Sie ist genau an ihrem Geburtstag nachmittags aus Deutschland in Omsk angekommen. Dort wurde sie überglücklich von ihren Eltern empfangen. Aus dem Heimweg mussten sie noch einen kleinen Umweg machen, um Einzukaufen. Dabei blieb Palina fast das Herz stehen, als sie auf eine Plakatwand schaute:
Geburtstagsgeschenk für das „Christkindl“
Dieses Geburtstagsgeschenk hat sie total überrascht – sie konnte ihr Glück gar nicht fassen. Obwohl inzwischen schon einige Tage vergangen waren, war sie immer noch aufgeregt, als wir dort vorbeigefahren sind.
Und auf dem Heimweg sahen wir dann noch einige interessante Gebäude und Denkmäler, von denen ich besonders das Denkmal „Дружба народов“ (Freundschaft der Völker) noch zeigen möchte.
Denkmal Freundschaft der Völker
Palina hat mir dann noch den Sinn des Denkmals erklärt: dass Russland zu allen Leute freundlich ist und Sie willkommen heißt.

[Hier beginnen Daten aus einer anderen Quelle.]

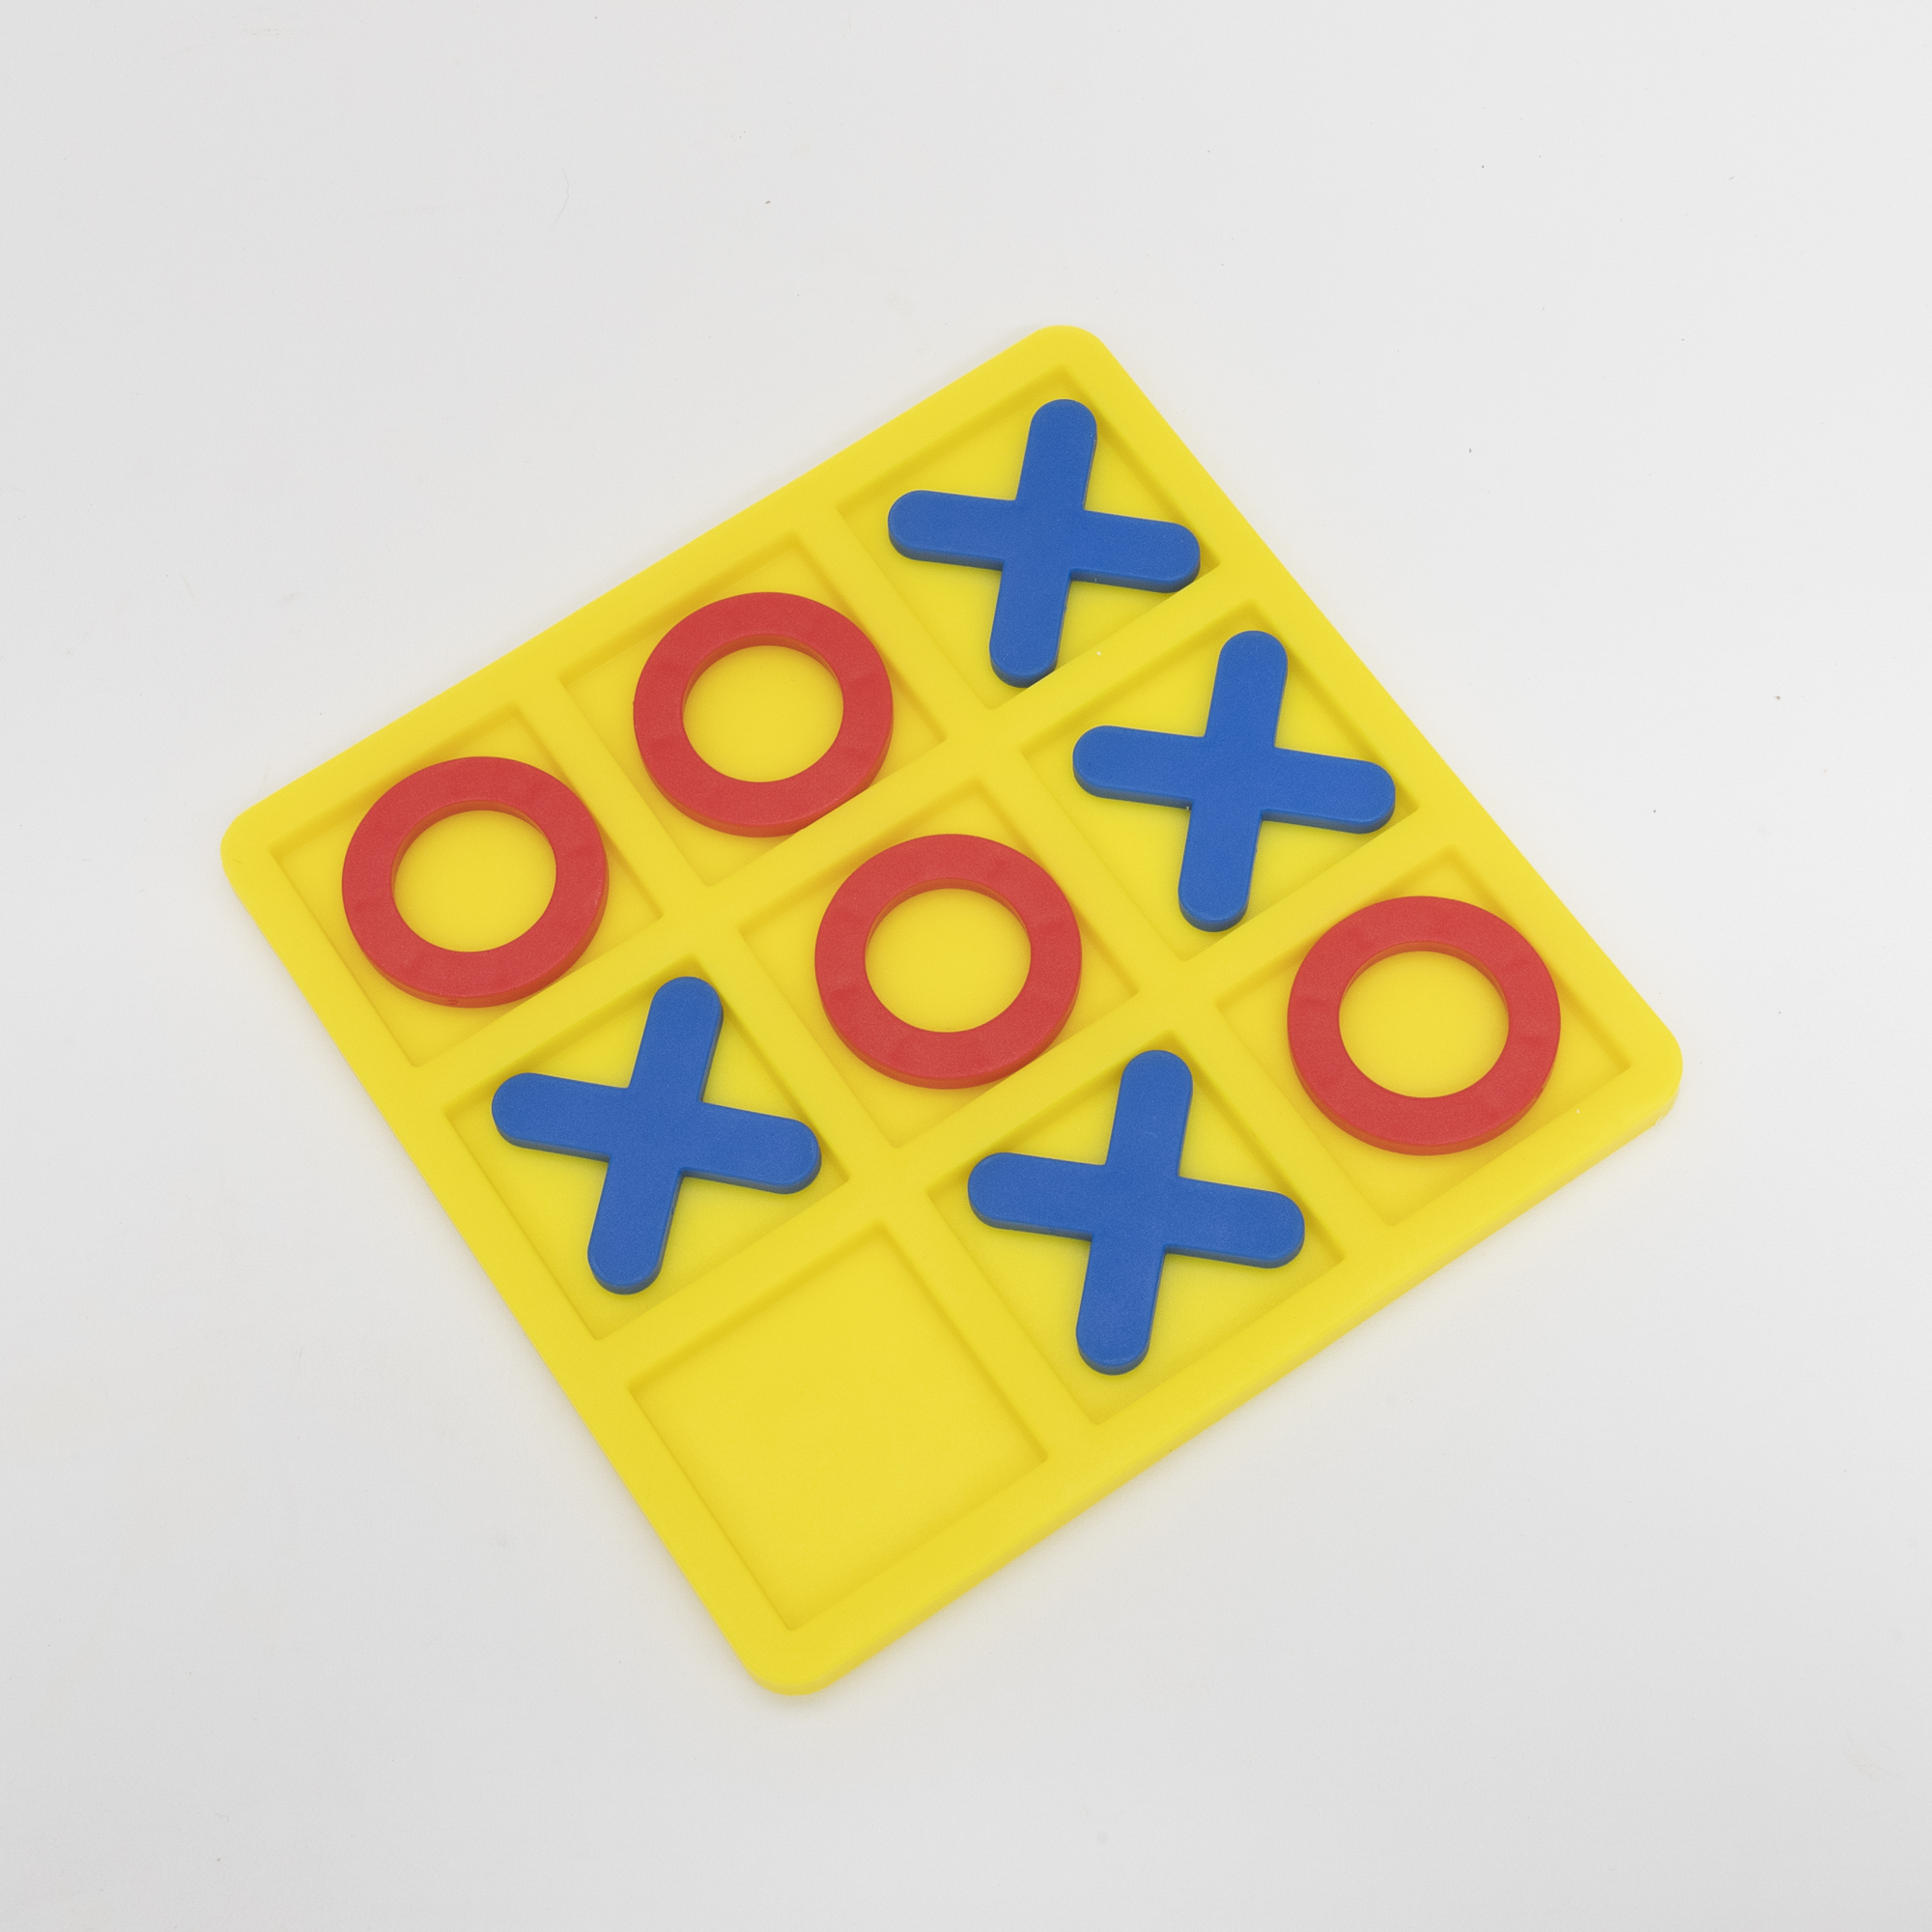 『知育玩具』Tic-tac-toeパズルボードゲームおもちゃ｜脳を鍛える三目並べ|undefined

Russland wird von außen sicher sehr unterschiedlich wahrgenommen, vor allem wenn die internationale Politik das einzige ist, was man kennt. Mir scheint das mit der Freundschaft der Völker inzwischen als ein wesentliches Merkmal der Menschen hier zu sein, die genau das leben und auch ausdrücken.
Ich habe Polina und ihre Oma auch nach der Präsi kennengelernt! Sie sind wirklich sehr sehr nette Leute! Freue mich, dass ihr euch noch in Sibirien getroffen habt!
P.S. hab in Moskau an der Russischen Universität für Völkerfreundschaft studiert)))))
Hallo Ekaterina,
War das mit der Völkerfreundschaft dann von mir richtig dargestellt? Kannst du dazu mehr sagen? Insbesondere interessiert mich das bezüglich Land und Leuten, weniger bzgl. Politik
LG Christian
Hallo Christian,
ich glaube, solche Denkmäler sind eher eine Ausprägung davon, was das Thema „Völkerfreundschaft“ in der sowjetischen Zeit bedeutete. UdSSR hat in sich ja nicht nur 15 sowjetische Republiken vereinigt, aber auch viele andere Länder unterstützt. Naja, diese Unterstützung hatte einen starken politischen Hintergrund, aber gut war die auch.
Z.B. meine Uni wurde1960 gegründet, um die Studenten von den frisch dekolonisierten afrikanischen Ländern einzuladen und auszubilden. Das finde ich auch heute sehr toll, weil einige ehemalige Kommilitone von mir kaum andere Möglichkeiten haben eine gute und kostengünstige Ausbildung in ihren Heimatländer zu bekommen.
Hast du in Moskau WDNH (ВДНХ – Ausstellung der Volkswirtschaftlichen Errungenschaften der UdSSR (WDNCh) besucht? Da kann kann man diese Atmosphere der Völkerfreundschaft besonders gut erleben))
Aber ich würde sagen, dass heute Russland nicht so offen und freundlich für die anderen Völker ist. Diese Völkerfreundschaftpolitik ist leider schon vorbei…
LG
Ekaterina
Ja, Freundschaft der Völker – und der Menschen = Bruderschaft der Menschheit – dann bräuchten wir uns nicht mehr einzuschliessen – denn im Herzen sind alle gleich – egal welche Religion, Rasse oder Hautfarbe.